Opening April 26th “Milestones in Astronomy: The Drapers of Hastings”

Chasing the Moon, Part II

Henry Draper in Civil War uniform. He served as an army surgeon in 1862.

In the last post we described how John William Draper took the first photographs of the moon. His son, Henry, was also a physician and an avid amateur photographer. In 1857 he visited Ireland and the world’s largest reflecting telescope built by the Earl of Rosse in the 1840s. When he came back to the United States, he began to build his own observatory on the family property in Hastings.

The observatory, completed in 1860, was very much a home-made affair, constructed with help from his father and his brother, Daniel. They polished the mirrors for the telescope by walking on a treadmill.

Henry Draper’s observatory, ca. 1880, showing both the first dome, built in 1860, on the far right, and the later dome in the center.

In 1863 Henry took a series of photographs of the moon through his telescope that showed far more of the moon’s features than any photographs taken previously, or for several decades to come.
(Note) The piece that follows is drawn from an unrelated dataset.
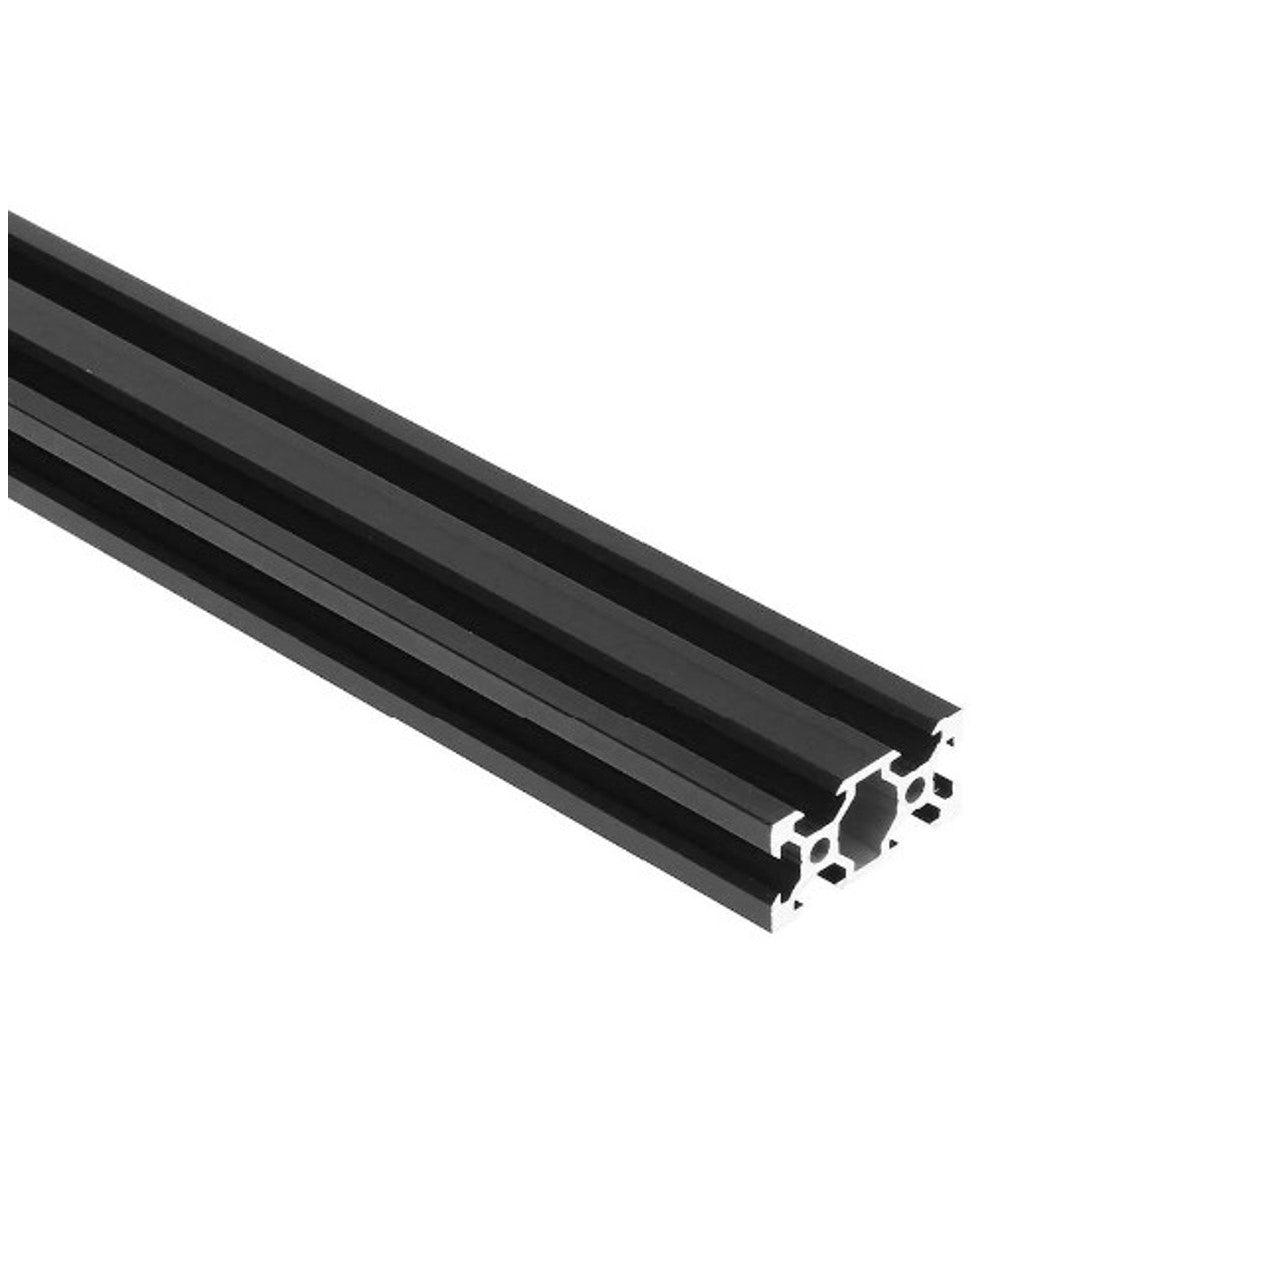 1" x 2" Black Smooth T-Slotted Aluminum Extrusion - 3ft Bar - Forces Inc

They were so sharp that the moon could be enlarged up to 50 inches in diameter without loosing any detail. They conveyed the appearance of the moon so vividly that at the time they were referred to as “portraits”. The director of the Smithsonian Institution visited Henry’s observatory and was so impressed that he asked Henry to write a description of his process, which the Smithsonian later published.

One of the 1500 photographs of the moon taken by Henry Draper in 1863.

The most spectacular of Henry’s moon photographs was taken September 3, 1863. It was reproduced in Harper’s Magazine in 1864 next to a long, rambling article about the place of the Moon in human history. The publication of his photographs made Henry Draper famous, and his observatory became a place of pilgrimage for dedicated astronomers until his death in 1882.

In 1869, Henry constructed a second observatory adjoining the first, in order to house a new and larger telescope. With this, he took some of the earliest photographs of comets, lunar eclipses, and nebulae, and the first photograph of the spectrum of a star.

Part of the observatory building was destroyed by fire in 1905. The remainder became a private residence. We are proud to say that now, after a 1996 restoration, the Draper observatory is the home of the Hastings Historical Society, which also houses an important collection Draper family letters, books, and photographs.

Draper Cottage, home of the Hastings Historical Society, at 407 Broadway, in the middle of Draper Park.